On April 1, Microsoft experienced a massive outage across most of its services, which were rooted in DNS issues with Azure. Now, the company has released a more detailed status update explaining what caused Azure to fail to respond to queries (via ZDNet).
According to the update on the Azure status history page, there was an unusual surge in Azure DNS queries from all over the world, which Azure's systems are designed to mitigate through "layers of caches and traffic shaping". However, a specific series of events exposed an error in the code for Azure's DNS service, which made it less efficient.

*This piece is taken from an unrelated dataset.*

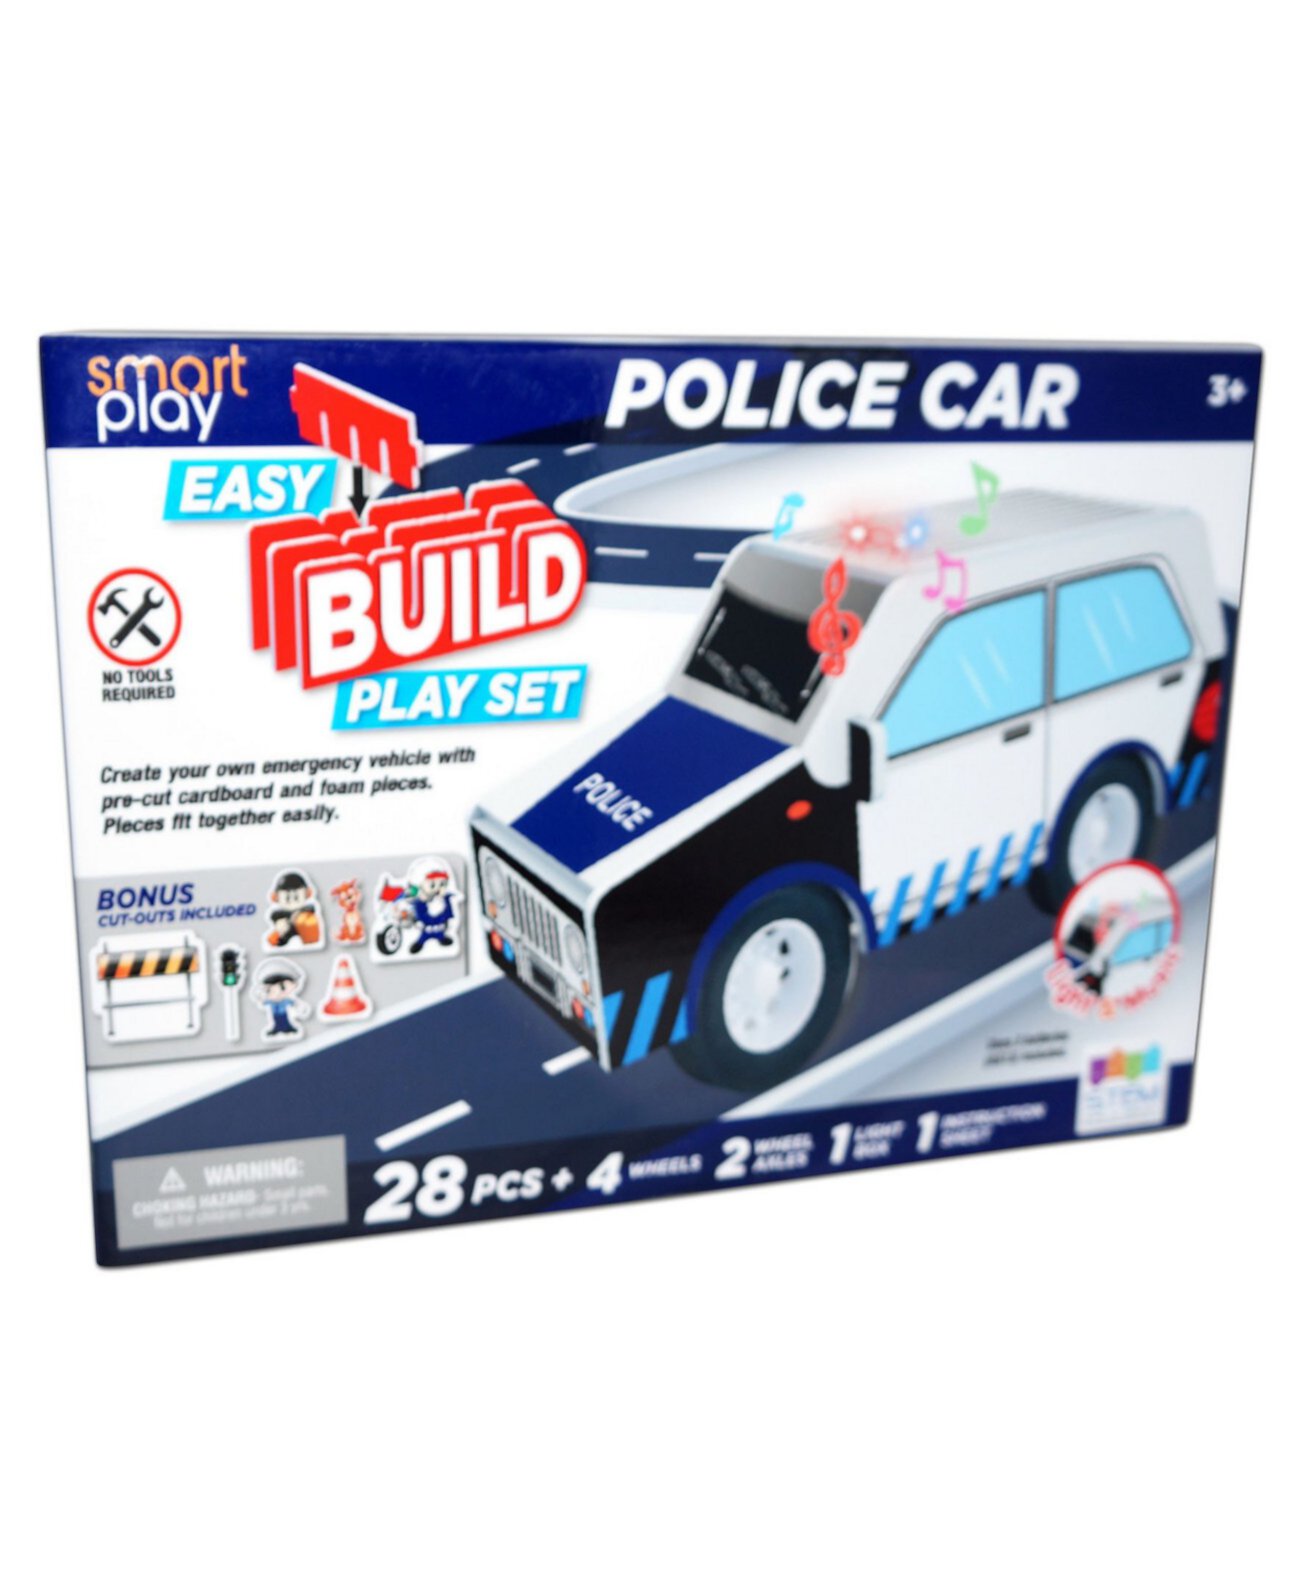 Простой набор для сборки и игр со светом и звуком, полицейская машина, 36 предметов Smart Play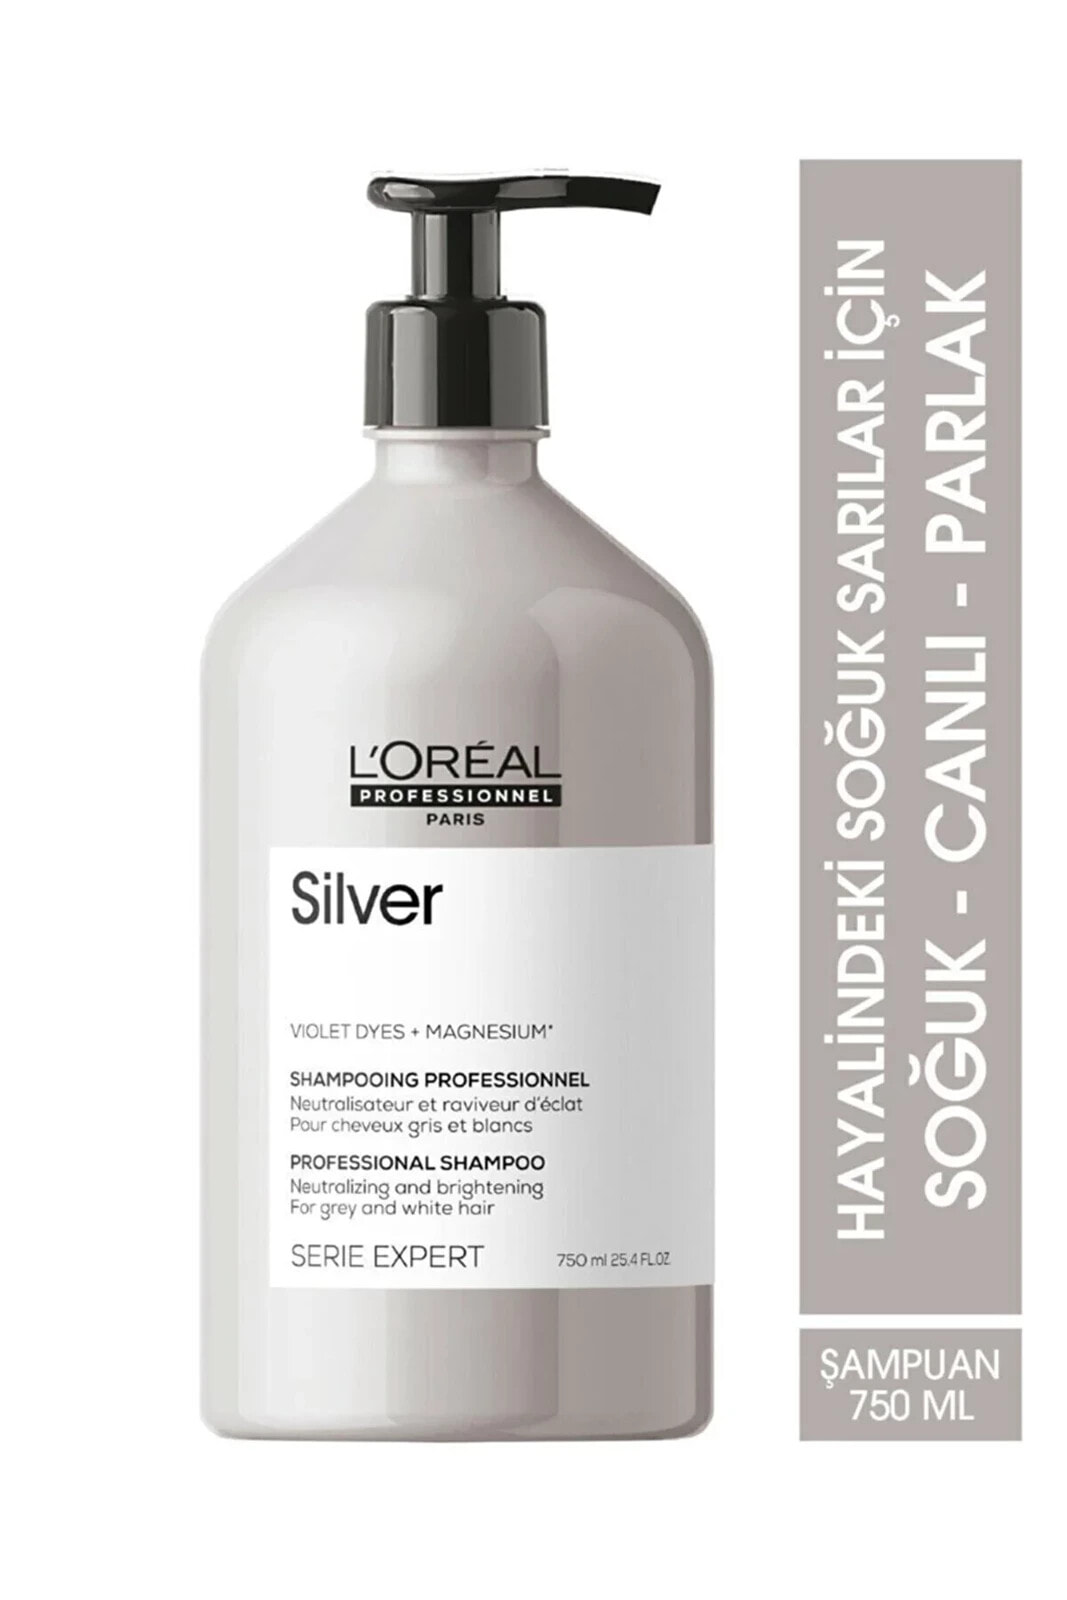 L'Oreal Professionnel Silver Shampoo Оттеночный шампунь для нейтрализации желтизны осветленных и седых волос 1500 мл

Things only got worse as clients faced errors because subsequent DNS retries only resulted in more traffic piling up. Microsoft has systems in place that would usually drop illegitimate DNS queries that cause volumetric spikes like this, but because many of the queries were retries, they were considered legitimate. As such, the DNS services became unavailable after some time.
Microsoft says the issues started at 9:21PM UTC and by 10:00PM, Azure services themselves had been fixed, with additional capacity also being prepared if further mitigation was needed. However, this time exceeded Microsoft's goal for fixing problems like this. Many Microsoft services depend on Azure and recovery times were different for each of them, but by 10:30PM, most services were back online.
Following the outage, Microsoft says it updated the logic on its mitigation systems to prevent excessive retries, and it will continue working to improve the detection and mitigation of volumetric spikes in traffic. Naturally, the DNS code defect was also fixed, so hopefully, accidents like this won't happen anytime soon.